Skip the pictures, and retype the data below in full, exactly.

#### Provided data:
▬▬▬
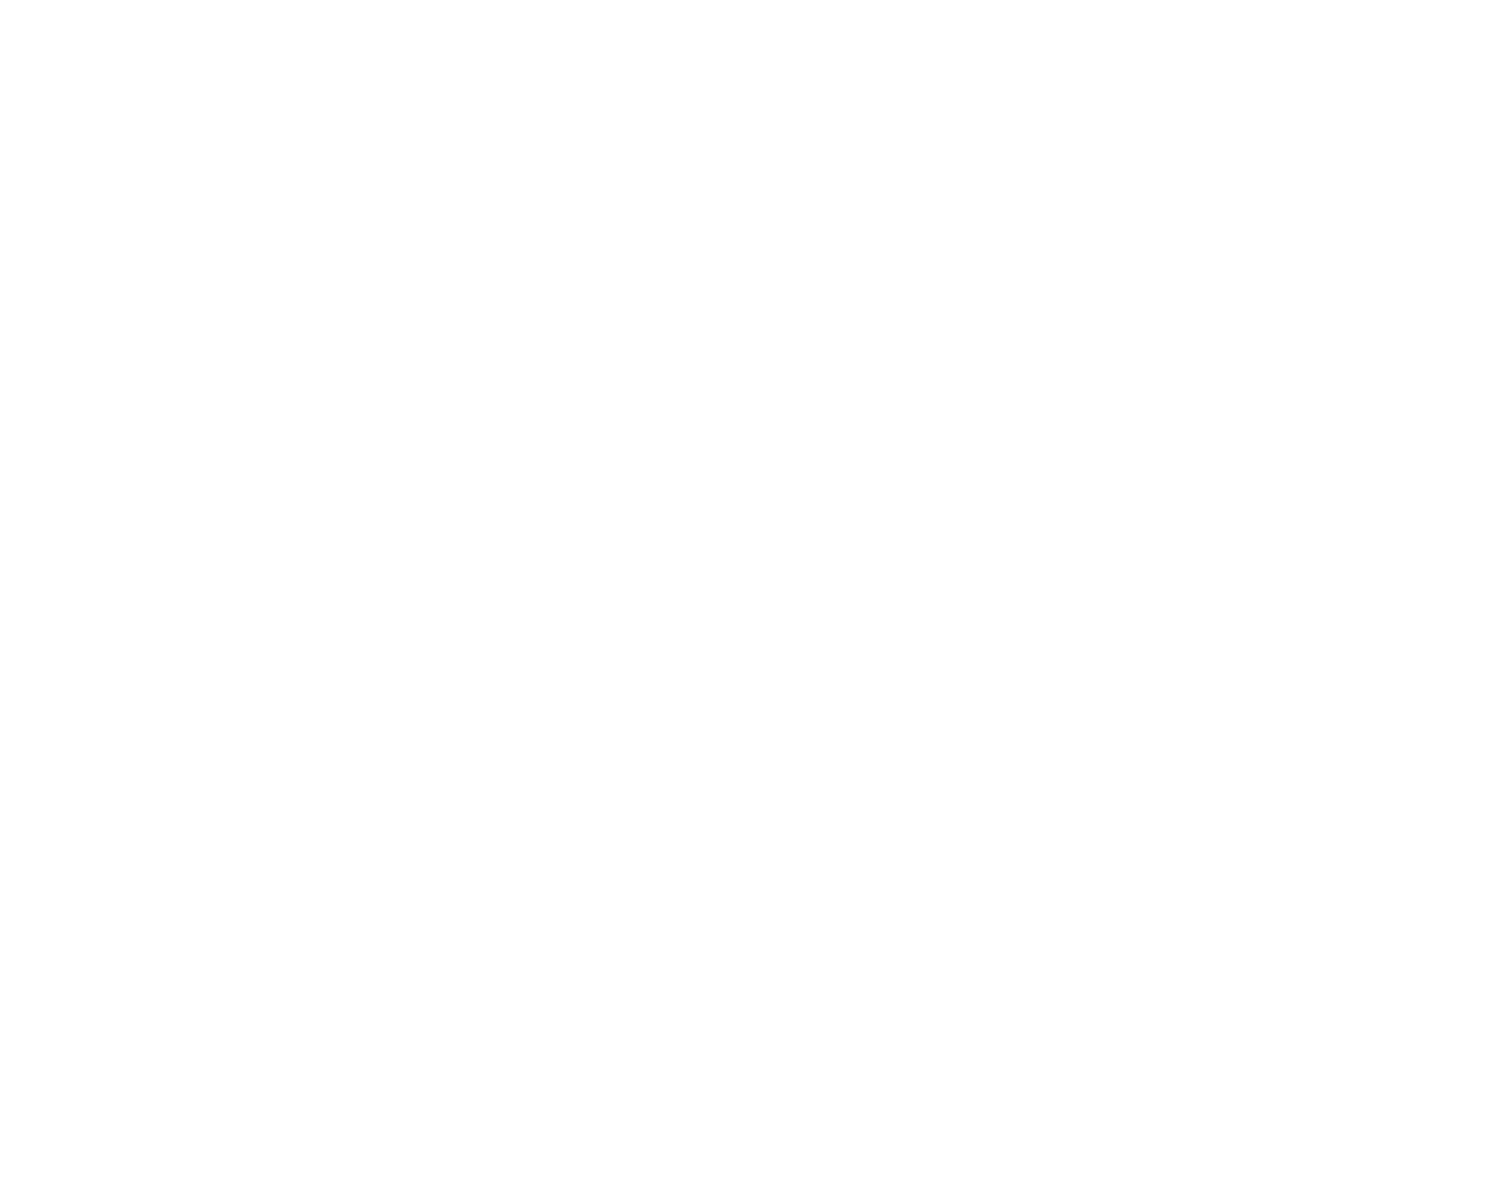 Right to Wellbeing 2025
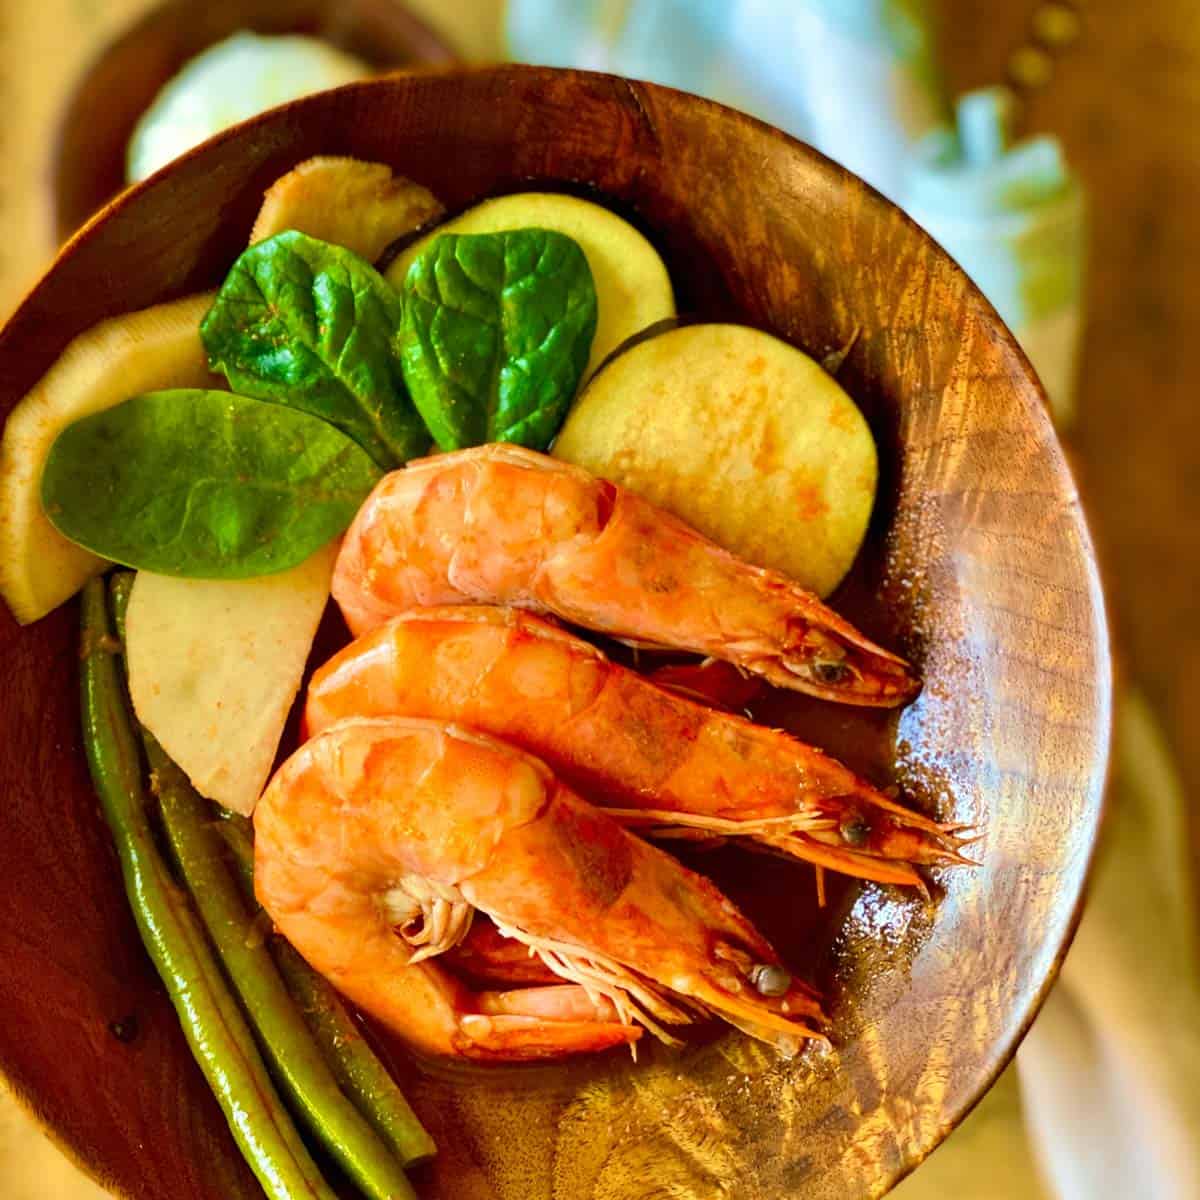 Shrimp sinigang with vegetables on a wooden bowl.
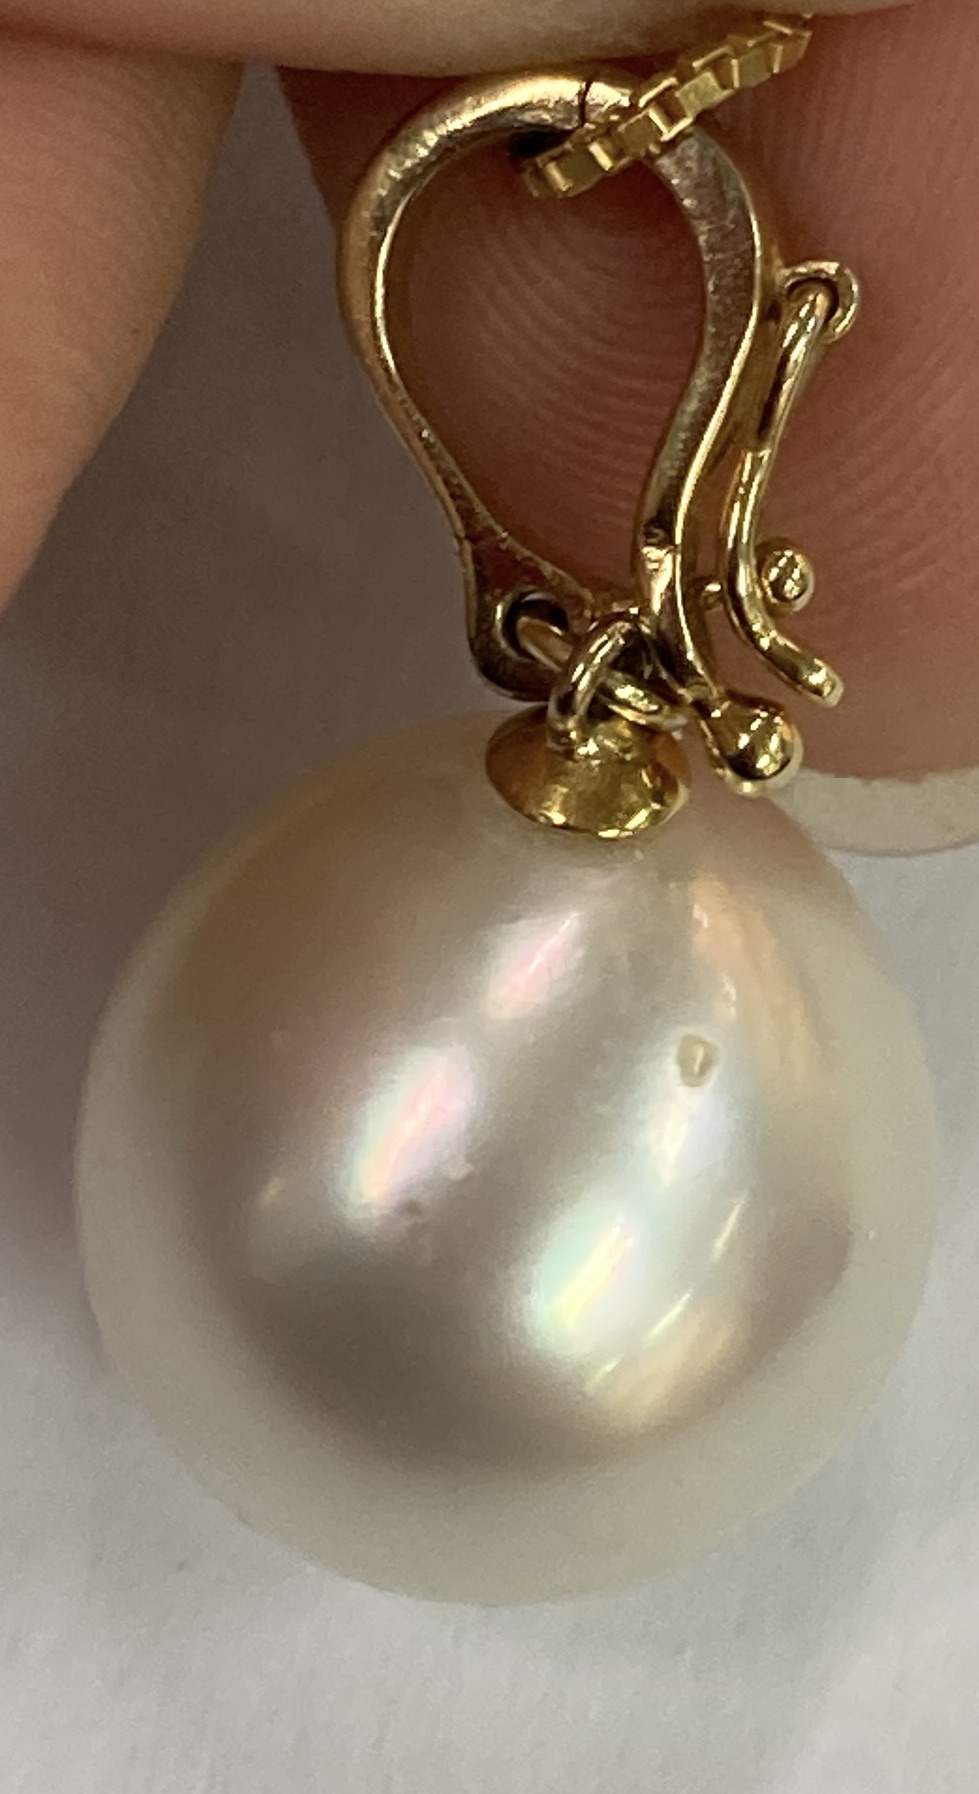 AN OFF-ROUND CULTURED SOUTH SEA PEARL PENDANT ON CHAIN - Image 7 of 9
▬▬▬
#### Finished exercise:
 Right to Wellbeing 2025
 Shrimp sinigang with vegetables on a wooden bowl.
 AN OFF-ROUND CULTURED SOUTH SEA PEARL PENDANT ON CHAIN - Image 7 of 9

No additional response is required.